Skylark Vol 4 – Skylark DuQuesne – E.E. Doc Smith

“But why?” the old savant protested. “I don’t see any possible reason for any of it.”

Seaton grinned. “There isn’t any-any more than there was for your original brainstorm. If

there had been the Norlaminian would have worked this whole shebang out a hundred

thousand years ago. It’s nothing but a hunch, but it’s strong enough so I want to follow it

up-okay? Fine then, integrating that, we get . . .”

Five hours later, Tammon took his helmet off and stared at Seaton with wonder in his

eyes. “Do you realize just what you’ve done, young man? You have made a break

through at least equal to my own. Opened up a whole vast new field-a field parallel to

my own, perhaps, but in no sense the same.”

“I wouldn’t say that. Merely an enlargement. All I did was follow a hunch.”

“An intuition,” Tammon corrected him. “What else, pray, makes breakthroughs?”

And Luloy, on the way out of the laboratory hand in hand with Mergon, said, “I had no

idea that Tellus ever did or ever could produce anybody like him. He is their god’s fair-

haired child, for a fact. Sennlloy will have to know about this, Merg.”

“She will indeed-I was sure you’d think of that.”

And as soon as Dorothy could get Seaton alone that evening she stared at him with a

variety of emotions playing over her face. As though she had never seen him before; or

as though she were getting acquainted with him all over again. “I’ve been talking to

Sennlloy,” she announced. “Or, rather, she’s been talking to me. She didn’t lose much

time, did she?”

Seaton blushed to the roots of his hair. “I’ll say she didn’t. Not any. She knocked me for

a block-long row of ash cans.”

“Uh-huh. Me, too-and how! She told me you said I’d blow my red top and I just about

did, until she explained. She’s quite a gal, isn’t she? And what a shape! You know, I’m

awfully glad I’m not too bad in that shape department myself, or I’d die of mortification

looking at them? But Dick-don’t you suppose there are any people in this whole

cockeyed universe except us and the Rayseenians who don’t run around naked all the

time?”

“I wouldn’t know; but what has all that got to do with the price of hasheesh c.i.f.

Istanbul?”

“It ties in. She must have thought I was some kind of an idiot child, but she didn’t show

it. She couldn’t really understand my taboos, she said, since they were not in her own

heredity, but she could accept them as facts in mine and work within their limitations.”

Dorothy blushed, but went on, “I’d be the only Prime Operator-and so forth. You know

about the `and so forth’. Anyway, before she got done she actually made me feel

ashamed of myself! They really need your genes, Dick. You didn’t let on, did you, that

DuQuesne’s a Tellurian, too?”

“I’ll say I didn’t! The less they think that ape and I came from the same world, the better

I’ll like it.”

“You and me both. Well, she didn’t actually say so, but when she found out what kind of

genes you have she decided to pour every one of DuQuesne’s right down the drain.”

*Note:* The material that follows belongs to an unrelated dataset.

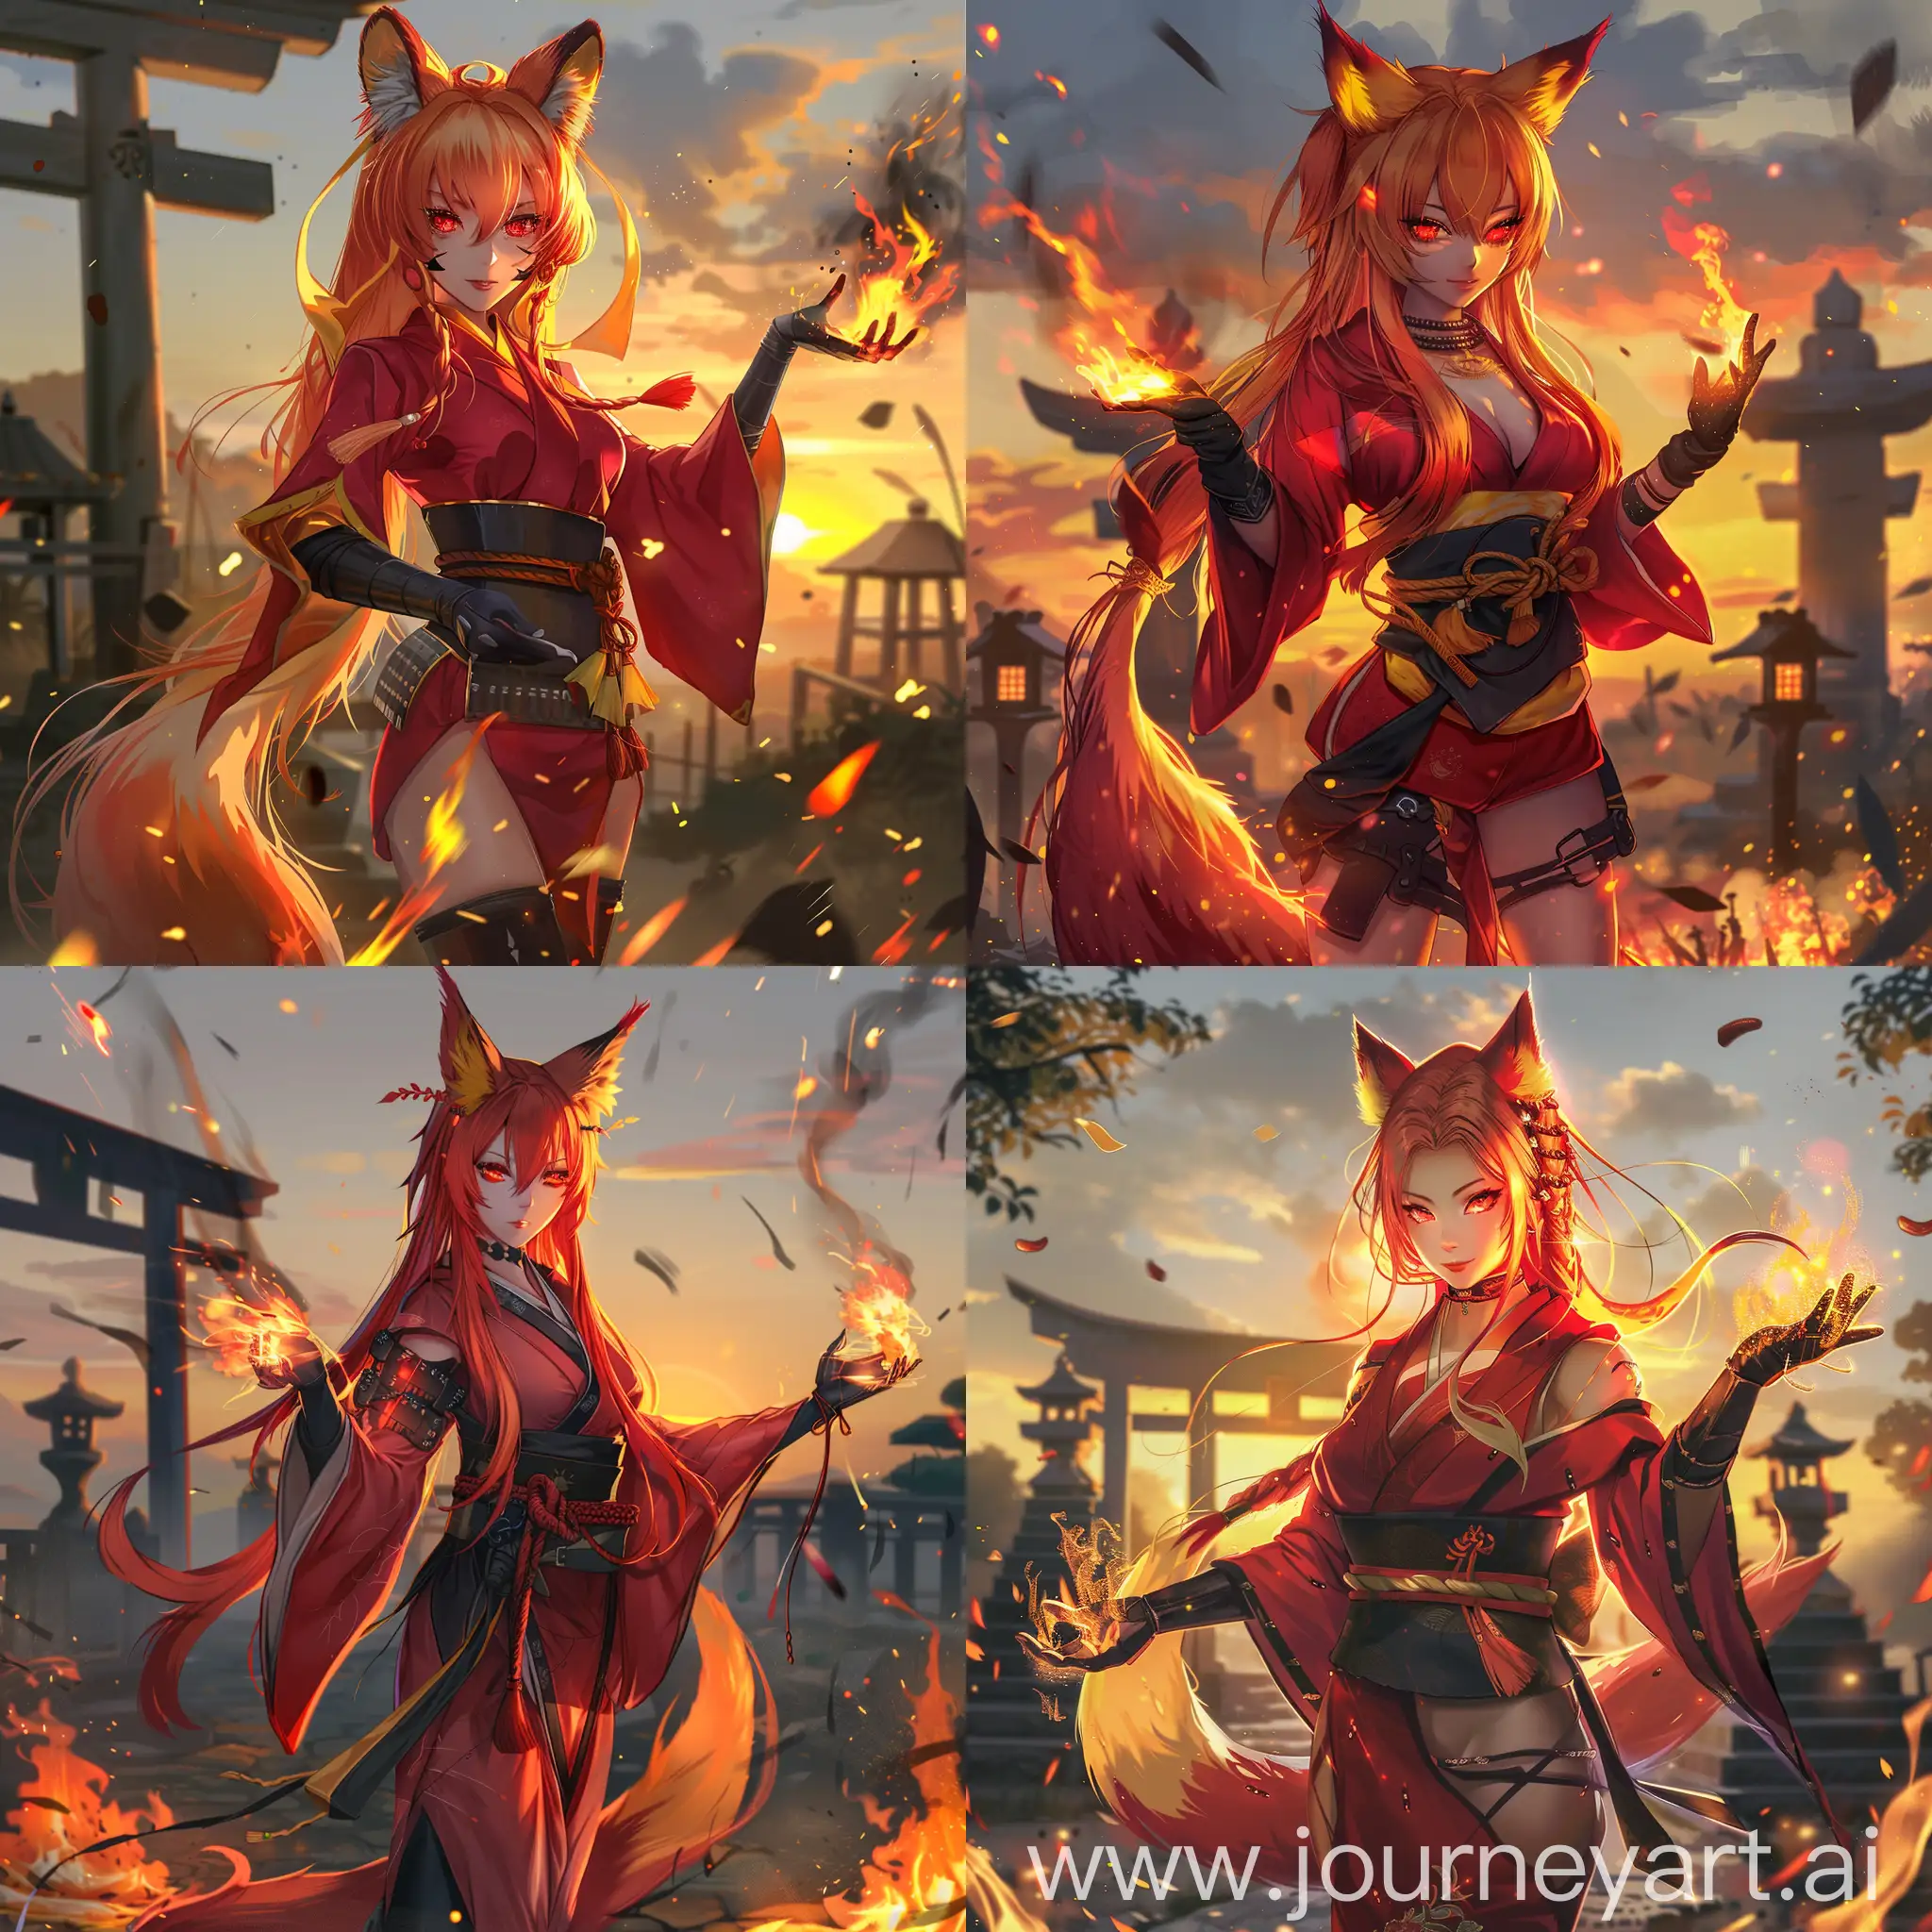 anime-style, full body, athletic, beautiful, tan skin, asian woman, long red hair with yellow highlights, red fox ears with yellow tips, red fox tail with yellow tip attached to her waist, fiery red eyes, wearing a red kimono, black hakama, black sash, long black gloves, black leather boots, casting fire magic, hands wrapped in fire,  good anatomy, dynamic, embers falling in foreground, shinto shrine, sunset

“Could be.” Seaton didn’t agree with that conclusion at all, but he was too smart to

argue the point.

At breakfast the following morning Seaton said, “You chirped it, birdie, about their

thinking us some kind of idiot children. Besides, the First Principle and Prime Tenet of

all diplomacy has always been, `When in Rome be a Roman candle’. So I think we’d all

better peel to the raw as of now. You and I had better, whether the rest do or not.

Check?”

“Check-but I think they will. We’re horribly conspicuous, dressed. People look at us as

though we were things that had escaped from a zoo. And all the Green System people

have always thought we were more than somewhat loco in the coco for covering up so

much. We’ll get used to it easily enough-look at the nudists. So lead on, my bold and

valiant-I follow thee to the bitter end of all my raiment.”

“I knew you would, ace. Let’s go spread the gospel.”

When they approached the Cranes and the Japanese on the subject, Margaret threw

back her black-thatched head and laughed. “We must be psychic-we were going to

spring the same thing on you. And after all, actually, how much do our bathing suits

hide? Yours or mine either one? And we have it to show, too-so here goes! The last

one undressed is Stinker of the Day!” She began to unzip, then paused and looked at

Lotus.

The Nisei girl shrugged. “We all should, of course, I won’t like it and I positively know I’ll

never get used to it, but if you two do I will too if it kills me.”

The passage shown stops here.